Figure 2(D) depicts the particle size of N2, N7 and N8 resulting from ultrasonication at an amplitude of 30 for 10, 20, and 30 min, respectively. Compared with N2, the increased sonication time of N7 resulted in a significant increase in the zeta potential (P < 0.05). Moreover, there was no significant difference in particle size between N2 and N7 (P > 0.05); however, the encapsulation efficiency and drug loading of N2 were lower than those of N7 (details provided in section 3.2.2). In contrast to N7, when the sonication time was prolonged to 30 min for N8, the particle size was significantly increased to greater than 650 nm, and the zeta potential was reduced due to thermal variation resulting from the long period of sonication.

GTA 5% (v/v) solution was employed as a crosslinker to prevent the aggregation of and stabilize the CUR-GNPs. Different volumes of GTA were added dropwise. As shown in figure 2(E), the increased volume of GTA in N9 drastically increased the average particle size by approximately twofold compared to that of N7. Reasonably, greater concentrations of GTA resulted in the crosslinking of multiple groups and an increased degree of reticulation, thereby leading to an increased particle size. The use of less than 30 μl of GTA resulted in a large extent of aggregation because the quantity of crosslinker was insufficient to harden the nanoparticles (data not shown).

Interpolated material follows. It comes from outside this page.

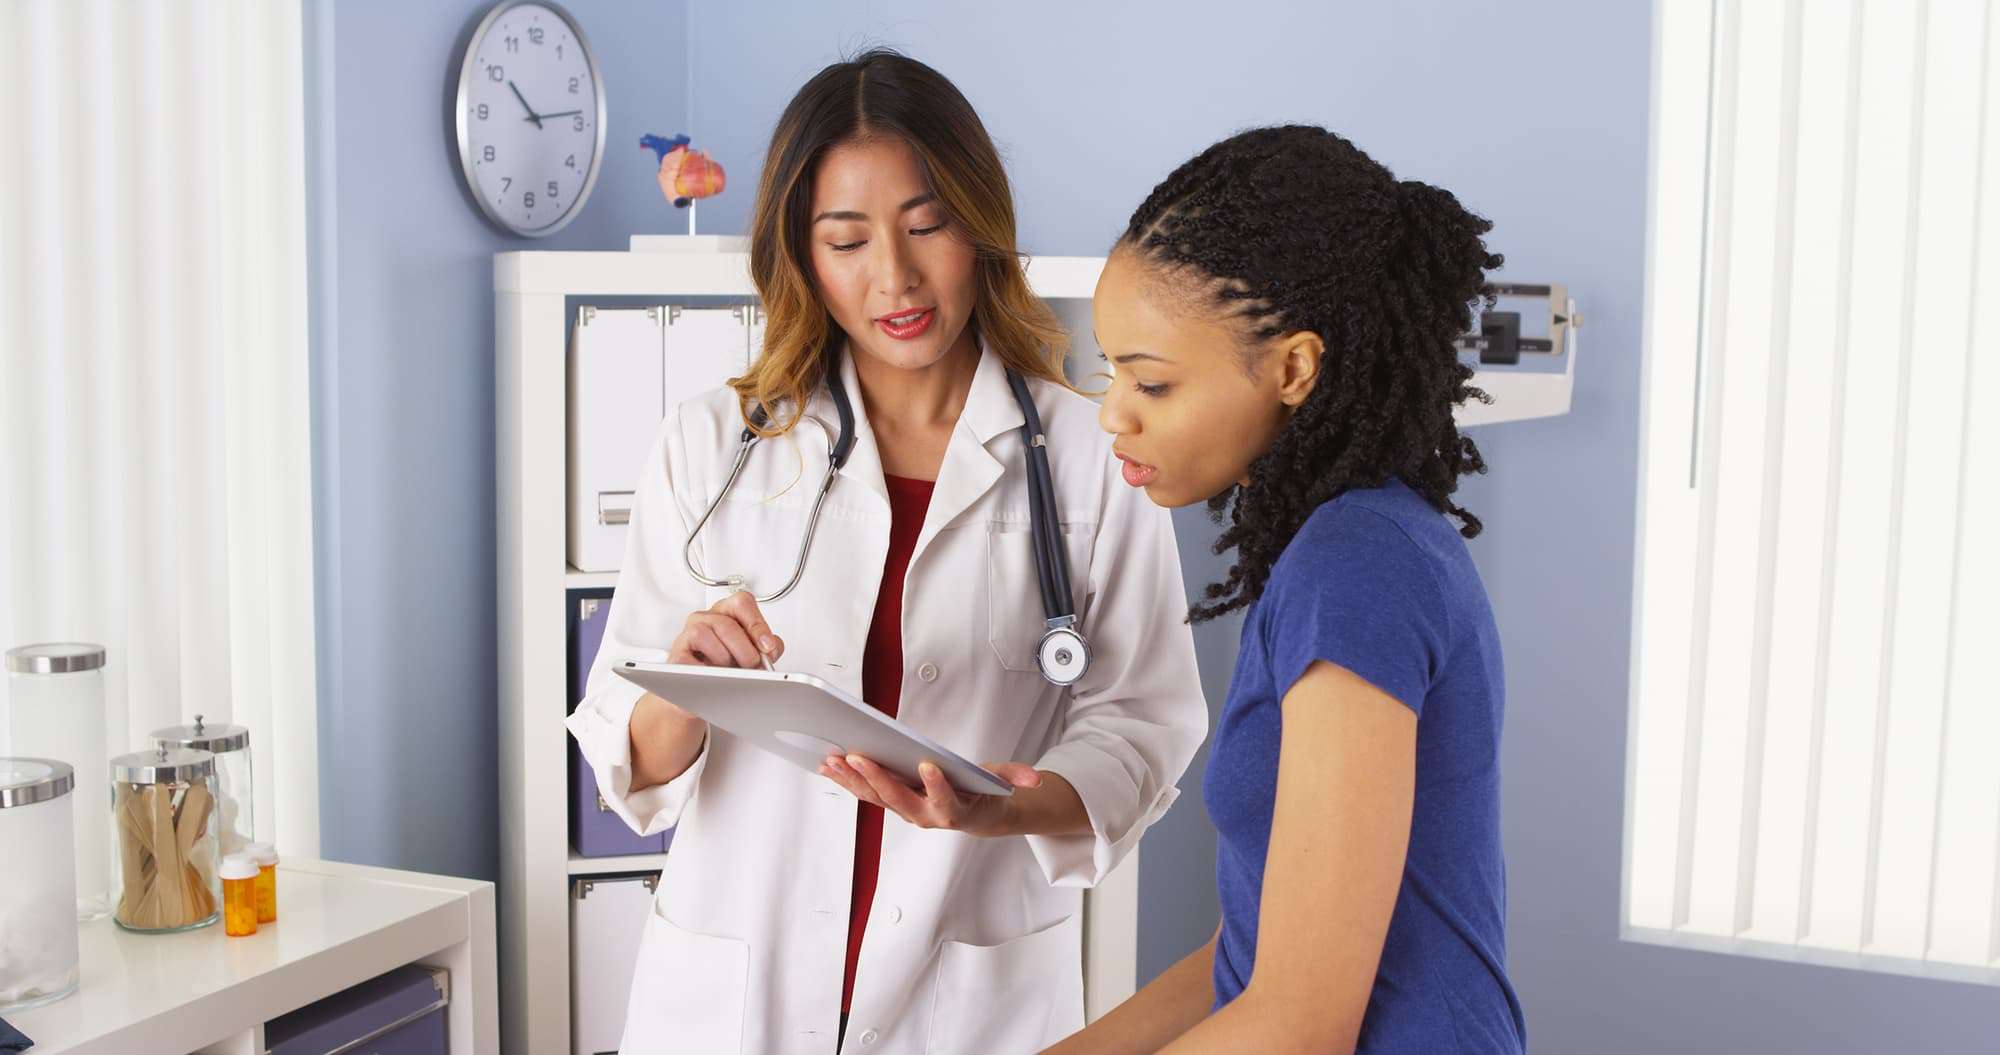 A medical professional reviewing test results with a patient in a doctor's office.

Based on the characterization of the CUR-GNPs, N1, N2 and N7 were selected for further investigation of the EE and DL (table 3) due to the smaller average particle size and the moderate zeta potential. The results show no significant difference in entrapment efficiency or drug loading between N1 and N2 (P > 0.05). Meanwhile, although there was no significant difference in particle size between N2 and N7, N7 performed significantly better, with the highest EE and DL of all other formulations (P < 0.05). Specifically, approximately 50% of the CUR was encapsulated in the nanoparticles, which were the smallest (233.4 nm) and showed good stability with the highest zeta potential (35.9 mV). Therefore, N7 was chosen as an optimal CUR-GNP model for dispersion in the FFH.